The to-do list to achieve the above stated objective (migrate GPT3.5 to Mistral) is as follows:

1. [x] find all target files, i.e. importing 'openai' (see: get_target_files)
2. [ ] search for all `createCompletion` calls (probably doable)
3. [ ] rewrite to use mistral's version of that (more research needed)
- [ ] Investigate how to use tree-sitter to rewrite the AST; check ast-grep
4. [ ] insert the import statement for mistral sdk file (trivial)
5. [ ] create mistral sdk file (trivial)
6. [ ] add mistral as a dependency and prompt to run `npm i`. (trivial)

#### Notes on Step 1

Finding the target files is rather trivial (excluding extrem edge cases like dynamic imports) and are essentially compiler correct. Core implementation in the parser.rs file via the `get_target_files` function.

#### Notes on Step 2

Once you have the target files, targeting the correct function calls for change like `createCompletion` has one additional complexity: you need to resolve by entity from the imported `openai` module. This should be achievable via tree-sitters [tagging](https://tree-sitter.github.io/tree-sitter/code-navigation-systems) system. This is not implemented yet though.

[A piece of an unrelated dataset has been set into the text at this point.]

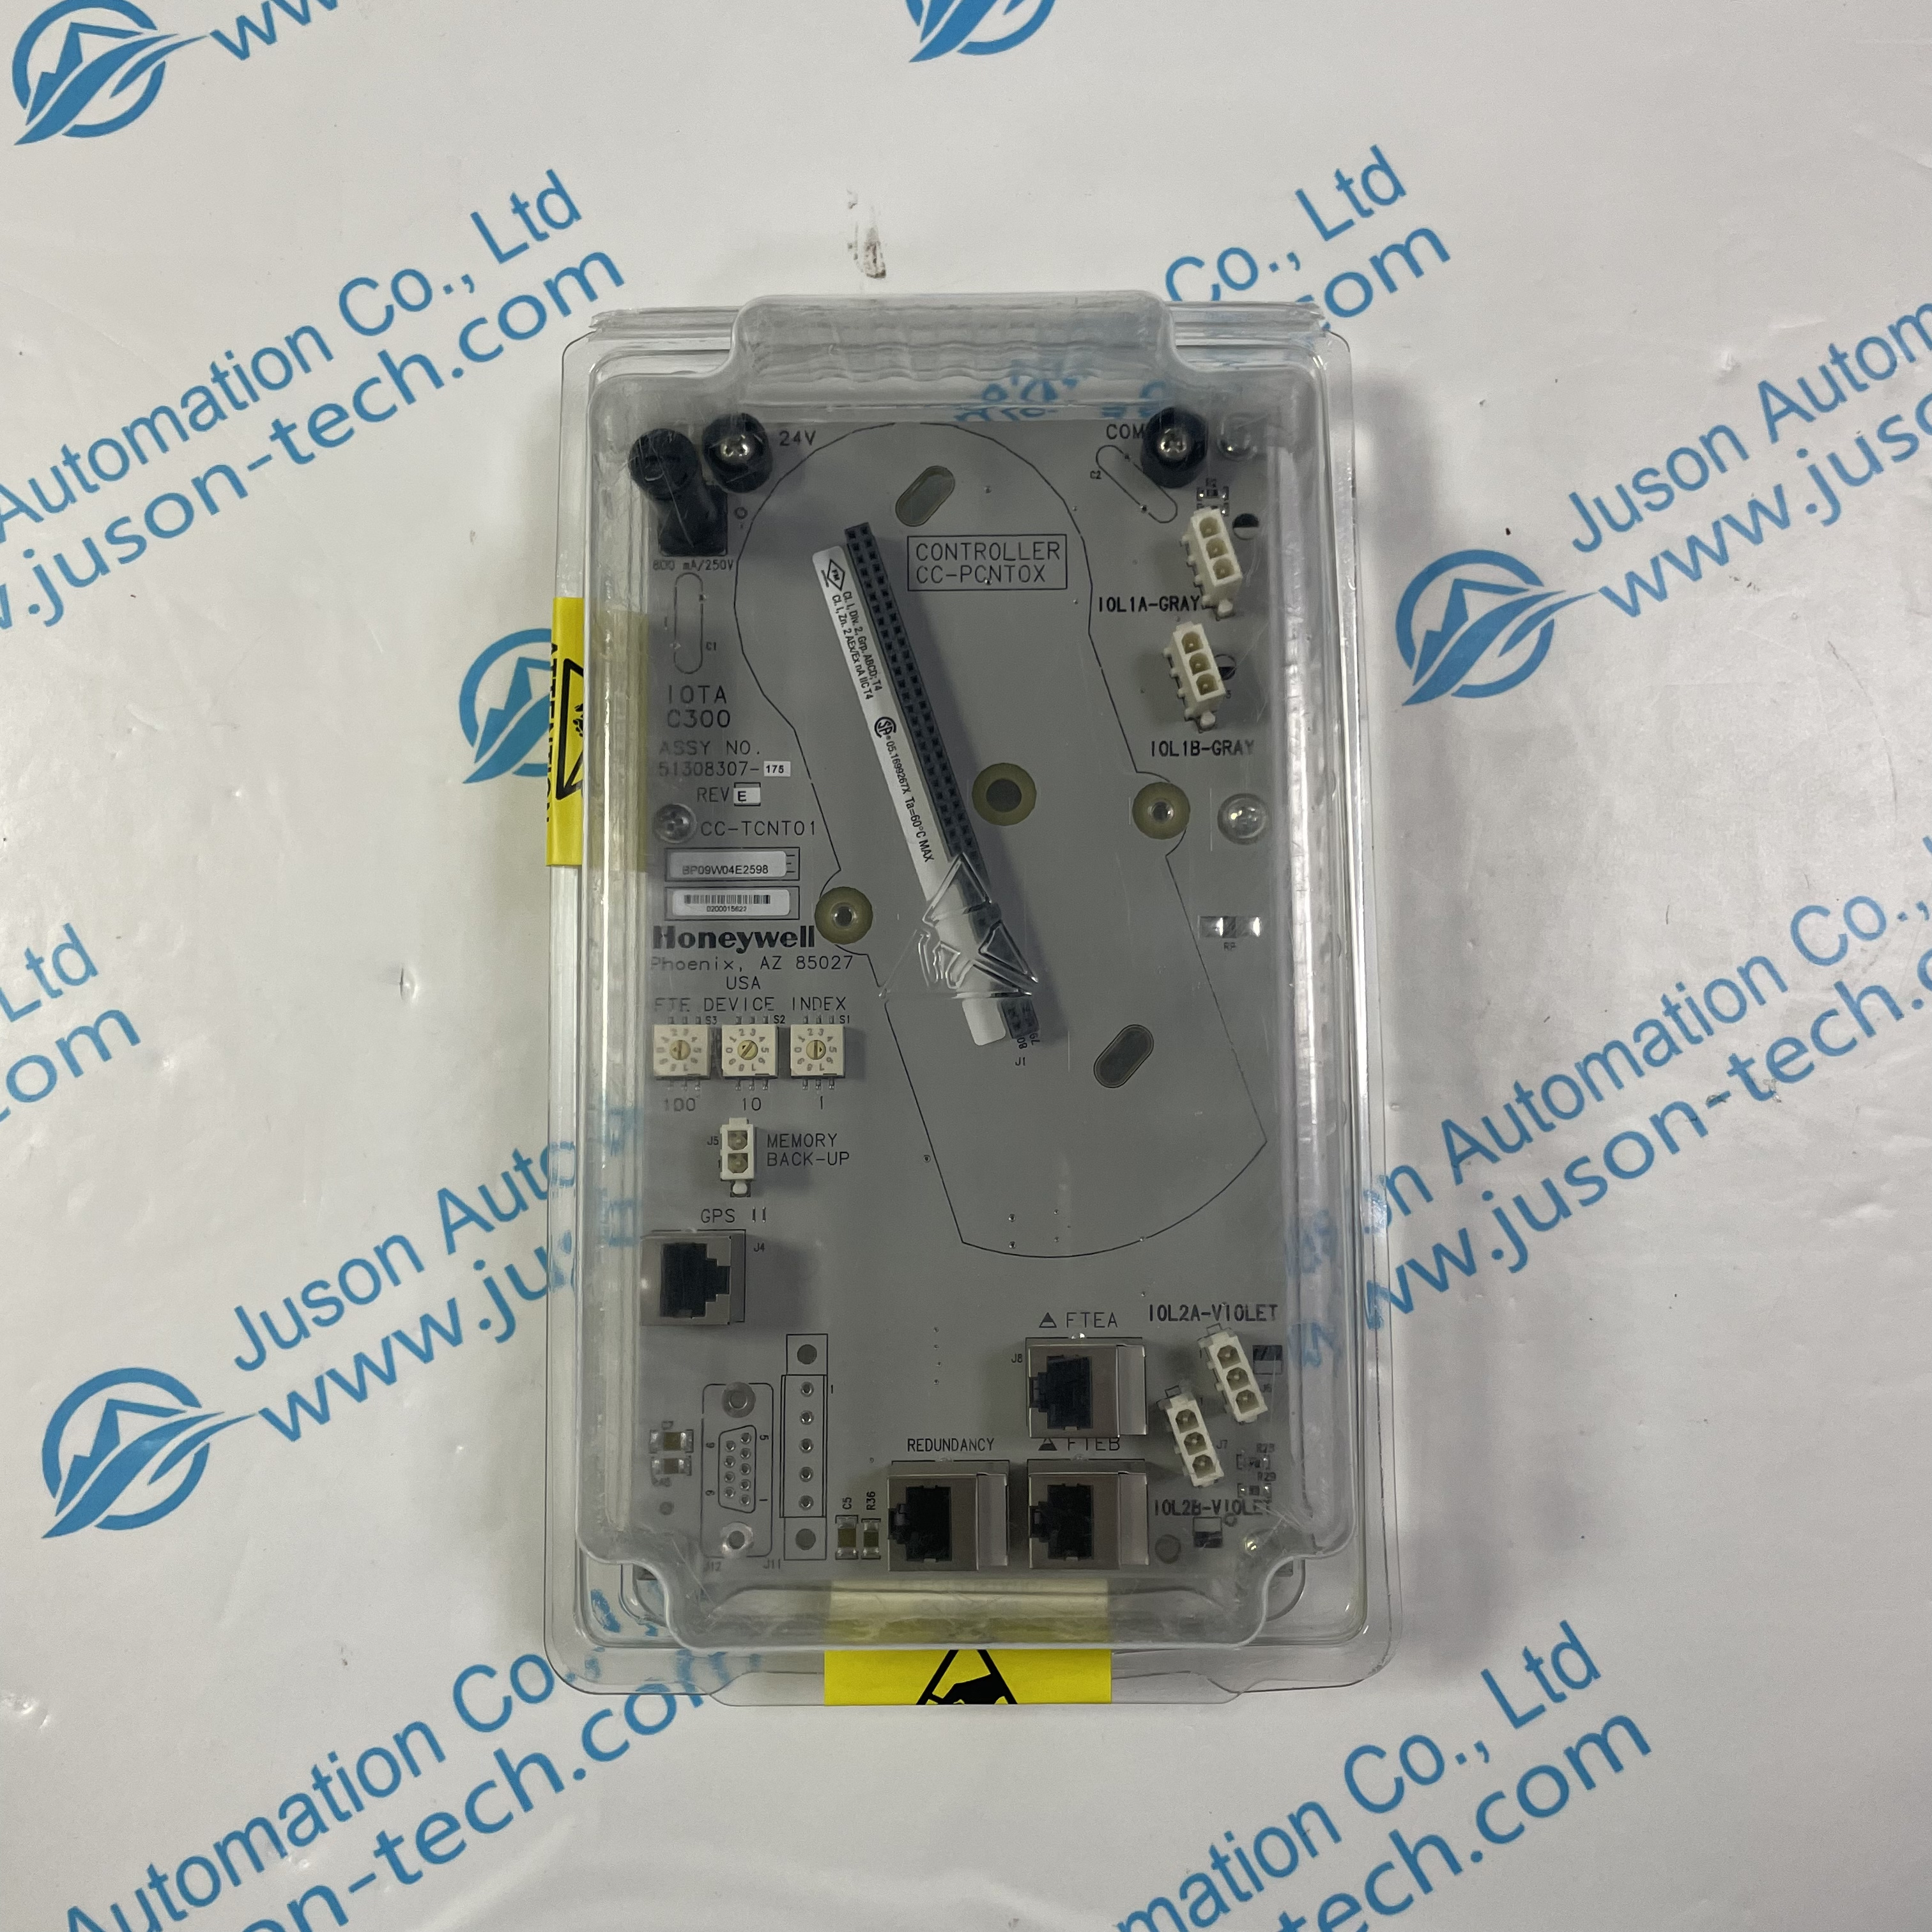 Honeywell controller module CC-TCNT01

Alternative approaches would be LSP/LSIF or sourcegraph's improvement over LSIF aka. [SCIP](https://sourcegraph.com/blog/announcing-scip), which, unlike tree-sitter, were designed for codebase-level (instead of file-level) traversal. However, tree-sitter is significantly faster, efficient, and easier extensible than SCIP/LSIF.

#### Notes on Step 3

This step is the most uncertain. Not so much if it is doable (liberaries like ast-grep implemented this in a general manner with a <1k LOC) but more so if you try to bend tree-setter too much into doing something that it is not designed for. A lot of inspiration can be taken from other codemod/rewrite tools. For our use-case a declarative API might be sufficient and preferred.

#### Notes on Step 4-6

This is trivial stuff and essentially basic codegen (rather than codemod) stuff. For a fully working POC this would be necessary to implement though.